Stranger, Less Heterosexual Things: Barb, We Hope

It may feel like we’re reliving the ’90s — Beauty and the Beast, Pennywise, Republicans tearing each other out of the frame about gay marriage — but it is actually two entire decades later and a person no longer has to come out on the cover of Time magazine talking about I’M GAY if they’re not straight. Perhaps you’re, say, a beloved young actress and are thinking that you’re maybe one of the 20 percent of Millennials who identify as LGBTQ. If you find yourself in that situation, you might approach the subject of queerness by nudging up against it on social media. No labels. No declarations. Leaning gently. Just enough.

It looks like that’s what Stranger Things‘ Shannon Purser did yesterday.

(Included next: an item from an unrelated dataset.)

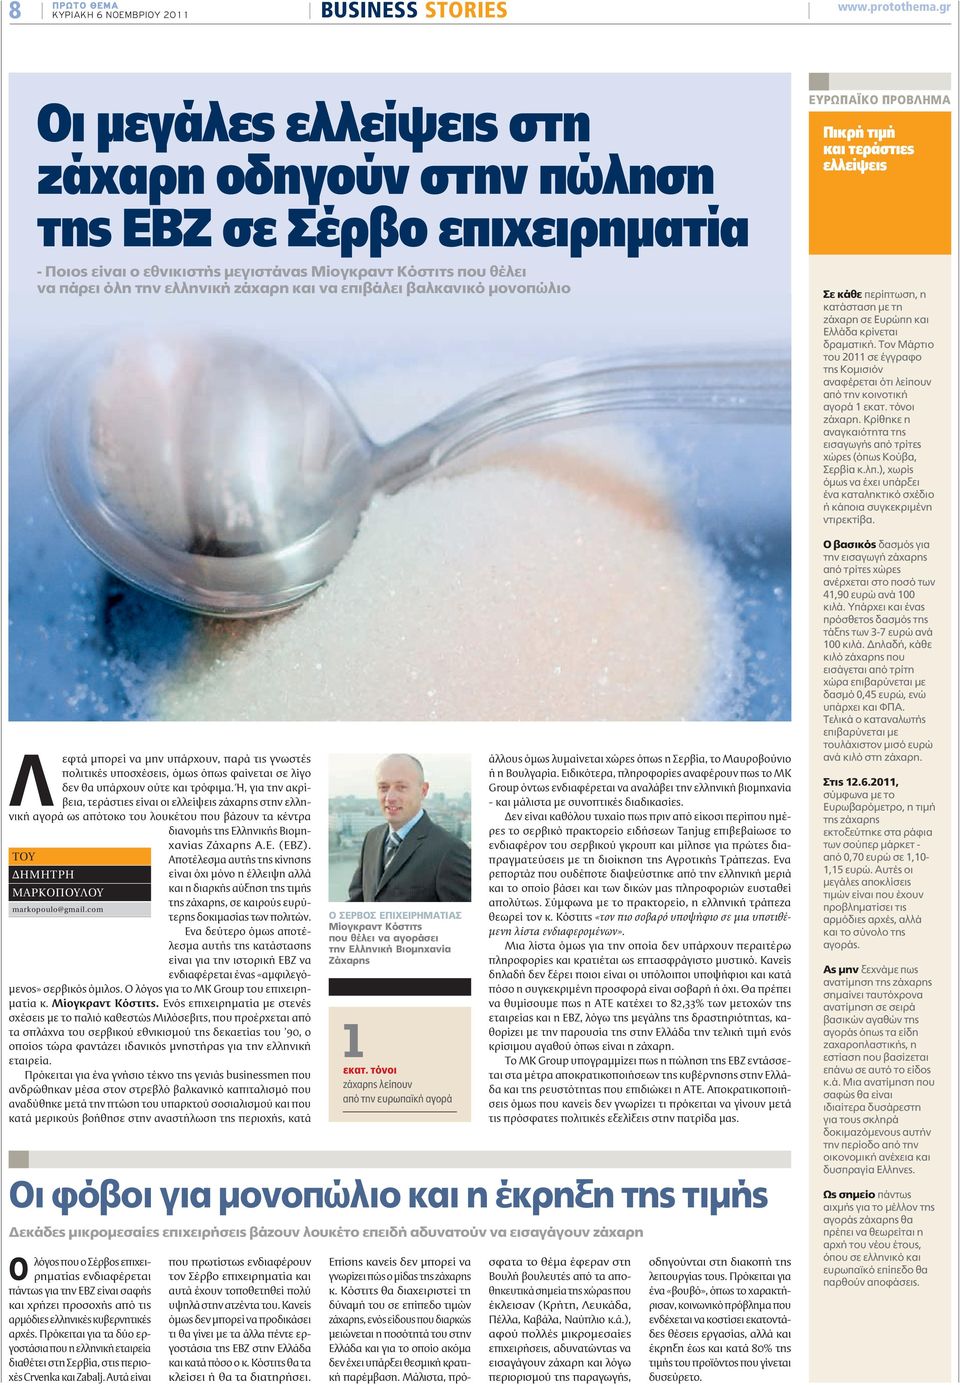 Ή, για την ακρίβεια, τεράστιες είναι οι ελλείψεις ζάχαρης στην ελληνική αγορά ως απότοκο του λουκέτου που βάζουν τα κέντρα διανομής της Ελληνικής Βιομηχανίας Ζάχαρης Α.Ε. (ΕΒΖ).

She’s not saying she’s queer, but she’s saying her sexuality doesn’t exactly fit in with the teachings of her faith, which seems queer, and is something so many of us (myself included!) have spent a long time working through in our gay ol’ lives. I wrote about 650,000 words of fan fiction where I made every character into a Christian with very religious parents when I was coming out, for example. Shannon Purser seems to be just going about her cool chill life hanging out in the original TV Batmobile (!!!) and occasionally thinking it through out loud on Twitter.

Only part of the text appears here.